The NCUA has been requesting comments on a proposal to permit credit unions to engage in certain derivative activities. Now that the agency has closed the comment period and is reviewing those letters, it’s important to keep a few key points in mind when asking, should credit unions be able to invest in derivatives after the losses of the past few years?
Hedging is insurance. Insurance can be costly and should be understood as such–not as losses. It’s critical for credit unions to manage their balance sheets to generate income, ensuring financial stability. Generally, this can be performed by duration mismatch and convexity risks within the balance sheet, which can generate short-term increases in income. But it certainly comes with a higher likelihood of future loss. On the other hand, the conservative practice of selling mortgage loans and avoiding other longer duration asset classes can be equally devastating if rates remain low for an extended time.
The proposed solution that the NCUA is considering is whether or not to grant natural person credit unions hedging powers to actively and safely manage interest rate risk. With certain restrictions, ALM First believes derivative authority should be granted to individual credit unions that have the infrastructure to support such activity and to third-party providers with numerous restrictions.
Interest rate hedging should not be confused with derivatives that did lose significant market value, such as credit default swaps, which are agreements where counterparties transfer credit risk. (A counterparty agrees to insure a third-party credit risk in exchange of regular payments, or an insurance policy.) Derivatives that hedge interest rate risk are fairly straightforward and they performed extremely well during the credit crisis.
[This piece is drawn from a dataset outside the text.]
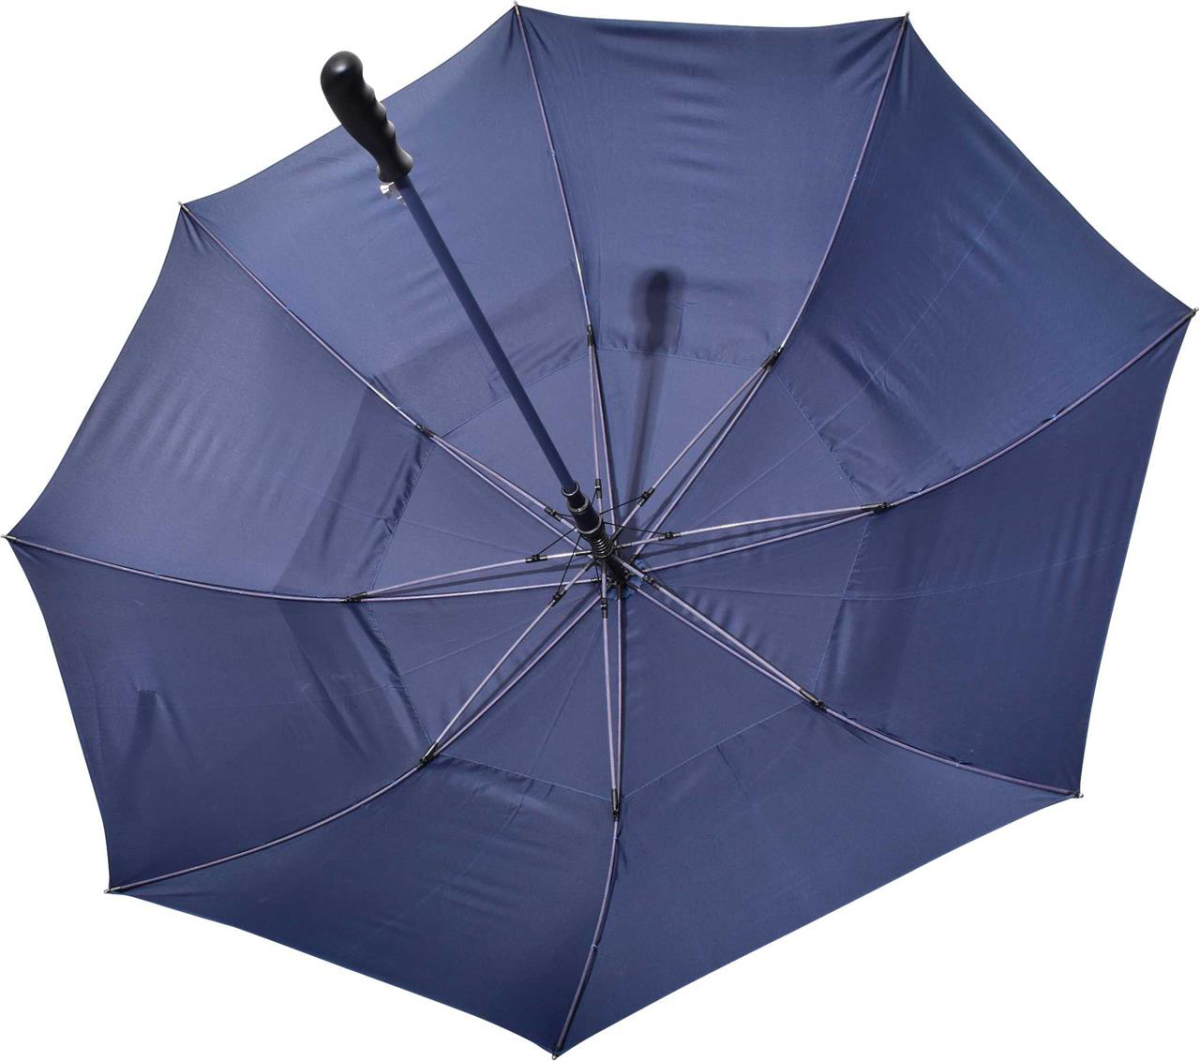 CUSTOM BRANDED - STORMPROOF CYCLONE®️ - Heavy Duty Storm Umbrella With Double Layer Wind Vent System, Wind Proof Fibreglass Frame - Auto-Open Push Button Feature

The huge mistakes made should not broad-brush regulation so that all “out of the norm” activity is bad. While credit default swap structures and mezzanine nonconforming securities had huge losses, interest rate swaps didn’t. As an example, all interest rate swaps of the failed Lehman Brothers cleared with no losses. Of course, there is a lot of work necessary to prepare for the use of derivatives. We believe education is vital and speculation can be dangerous. As always, education is the key.